Anyway, enough about the icing, the cake really is the star of this show. This is a moist, spicy and super delicious carrot cake. The addition of the pumpkin adds a gorgeous silky texture, and the spices bring up memories of fall. With the carrot and coconut, this cake is SO good. Perfect for breakfast, lunch, dinner…any time of the year.
PrintCarrot Pumpkin Bundt Cake
- Prep Time: 15 minutes
- Cook Time: 60 minutes
- Total Time: 75 minutes
- Yield: 6 1x
Ingredients
Carrot Pumpkin Bundt Cake:
- 1 3/4 cups flour
- 1 tbsp cinnamon
- 2 tsp baking soda
- 1 tsp baking powder
- 1/4 – 1/2 tsp nutmeg
- 1/2 tsp ground ginger
- 1/4 tsp salt
- 1 cup canned pure pumpkin
- 1 cup lightly packed brown sugar
- 3/4 cup buttermilk
- 1/4 cup vegetable oil
- 3 eggs
- 1 tsp vanilla
- 2 cups finely grated carrots
- 1/2 cups shredded sweetened coconut
- 1/2 cups walnuts (optional)
- 1/2 – 3/4 cup raisins (optional)
Cream Cheese Drizzle:
- 1 package of cream cheese (room temperature)
- 2 tbsp butter
- 1 cup icing sugar
- 1 – 2 tbsp cream (or milk)
Instructions
Carrot Pumpkin Bundt Cake:
- Preheat your oven to 350 degrees.
- Prepare a Bundt pan, by greasing and dusting it with flour. This cake is very moist so you need to do this step!
- In a bowl combine the flour, cinnamon, baking soda, baking powder, nutmeg, ginger and salt. Set aside.
- In a mixer, combine the pumpkin, sugar, buttermilk, vegetable oil, eggs and vanilla. Mix well.
- Add the dry ingredients slowly to the wet mixture, and gently combine.
- Stir in the carrots, coconut, nuts, and raisins.
- Pour the cake batter into the prepared Bundt pan and bake for 1 hour, or until a toothpick inserted into the centre of the cake comes out clean.
- When done baking, cool the cake in the pan for 15 minutes before turning it out onto a cooling rack.
- When the cake has cooled completely, you can ice it!
Cream Cheese Drizzle:
- Beat together the cream cheese and butter until it is smooth.
- Slowly add the icing sugar and cream, and mix until smooth.
- Pipe the icing onto the cake – I like to use a ziplock bag and cut a corner, then drizzle it all over the cake. Be free with it and have fun!

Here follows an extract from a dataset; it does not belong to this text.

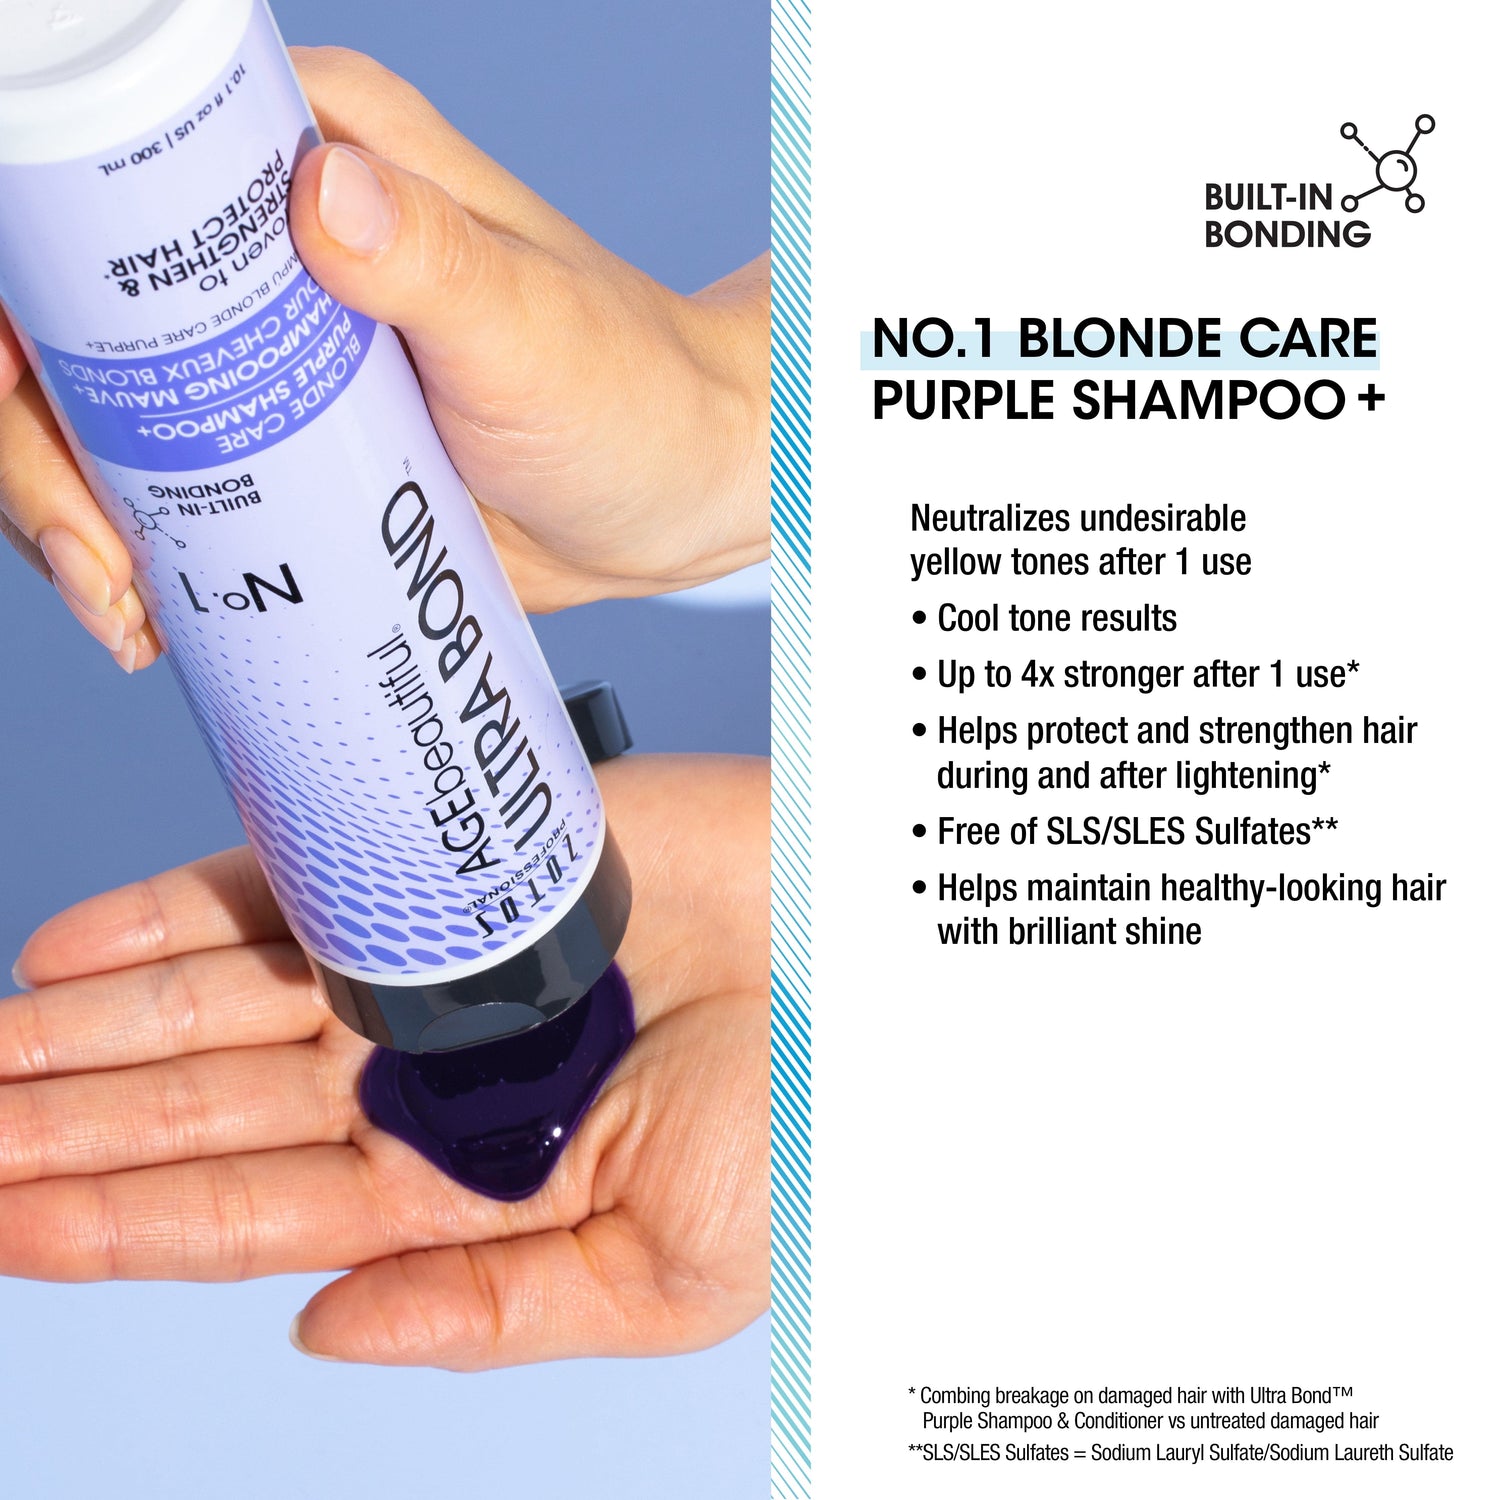 AGEbeautiful® Ultra Bond ™ No. 1 Blonde Care Purple Shampoo+ product image with description text.

If you love carrot or pumpkin, I really hope you try this recipe. You’ll want a second piece, trust me. Even the kids had seconds which amazed me…kids are funny with carrot cake sometimes, but this was very well received!
Enjoy and have a delicious day!
This looks Ah-mazing! I am with ya girl! If I don’t have to frost a cake then I am better off 🙂 So glad you are enjoying the coming of Fall as I am. Have a great week!
Thank you Angeline! I say simple & beautiful is best! Enjoy your fall! 🙂
Shared on my Facebook page … scheduled tomorrow. Best wishes, Linda @Crafts a la mode
This has just shown up on my Facebook feed. Was reading it, but then had to check out when you’d actually written the post when you said “we’ve had such a nice summer”. Being a fellow Calgarian, it made me wonder what part of the city you live in, as we certainly haven’t!! Lovely looking recipe, by the way!
Ha so true! This was from last summer when we actually had a summer! 😉
Such a super moist cake! Served it for early Thanksgiving meal & everyone loved it. Recipe definitely a keeper. Thank you
★★★★★
I love that! I’m so happy you enjoyed this recipe Teresa!